The CRISPR/Cas9 method is a powerful tool that allows scientists to alter gene function in cells by using a protein called Cas9 and a guide RNA that recognizes a specific DNA sequence.

The Cas9 protein cuts the DNA at the target site, causing changes in gene expression or function.

The AAV method is a way of delivering genes or other molecules into cells by using a harmless virus that infects muscle cells.

The researchers at the University of Basel used these two methods together to study gene function in muscle fibers.

First, they bred mice that had the Cas9 protein already present in their muscle fibers, but not in other organs. Then, they injected the mice with an AAV that carried the guide RNA for the gene they wanted to study.

This way, the guide RNA met the Cas9 protein only in the muscle fibers, where they changed the gene function as desired.

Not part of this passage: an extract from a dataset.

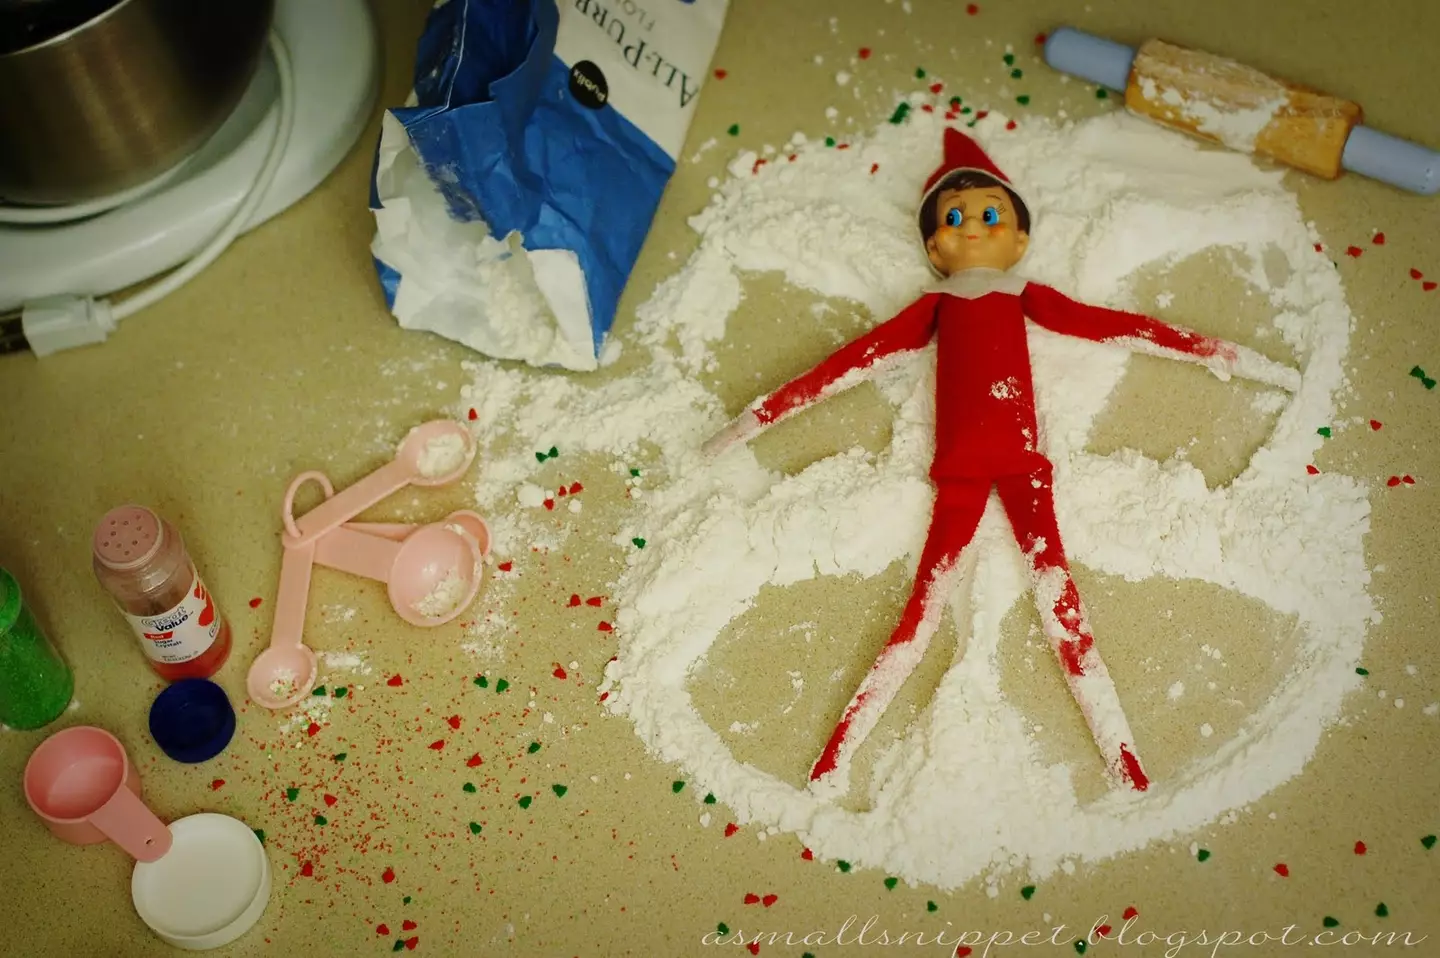 Elf making snow angels. (
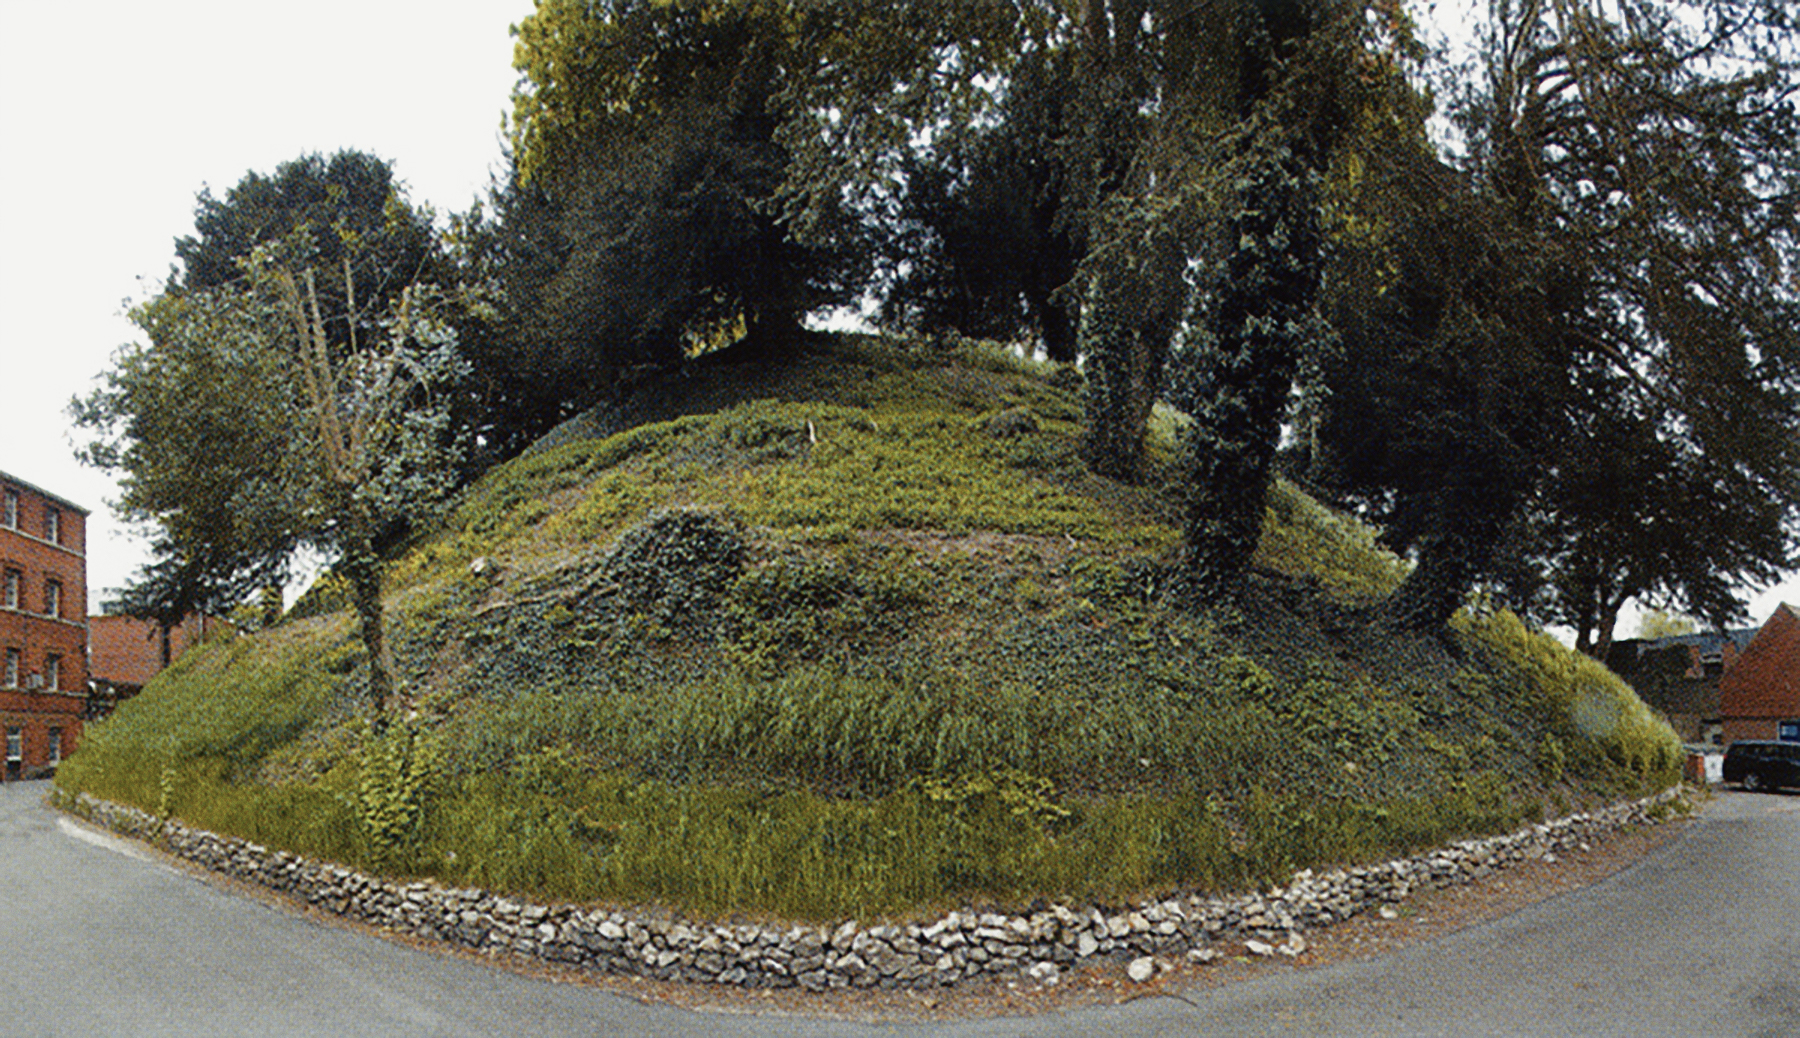 The Marlborough Mound

The benefits of the new method for muscle research

The new method has several advantages over conventional methods for muscle research.

Faster and more efficient

The researchers were able to change gene function in muscle fibers within two weeks after injecting the AAV, whereas conventional methods would take months or years to achieve the same result.

More precise and specific

The new method allows scientists to target only muscle fibers and not other organs or tissues, avoiding unwanted side effects or interference from other genes.

Ethical and economical

The new method reduces the number of experimental animals needed for studying gene function in muscle fibers by up to 90%. This means less animal suffering and less cost for animal care and maintenance.

The new method also opens new possibilities for studying multiple genes or signaling pathways simultaneously or sequentially in muscle fibers, which could lead to new insights into muscle biology and disease.

Potential applications of the new method for muscle biology and disease

The new method could have a significant impact on muscle research and beyond. It could help scientists to better understand how muscle diseases develop and progress, how aging affects muscle function and regeneration, and how exercise or drugs influence muscle performance and health.

The new method could also be applied to other tissues or organs that are difficult to study with conventional methods, such as the brain, heart, or liver.

The new method is a win-win situation for both science and society: it enables faster and more efficient research with fewer laboratory animals, while advancing our knowledge and improving our health.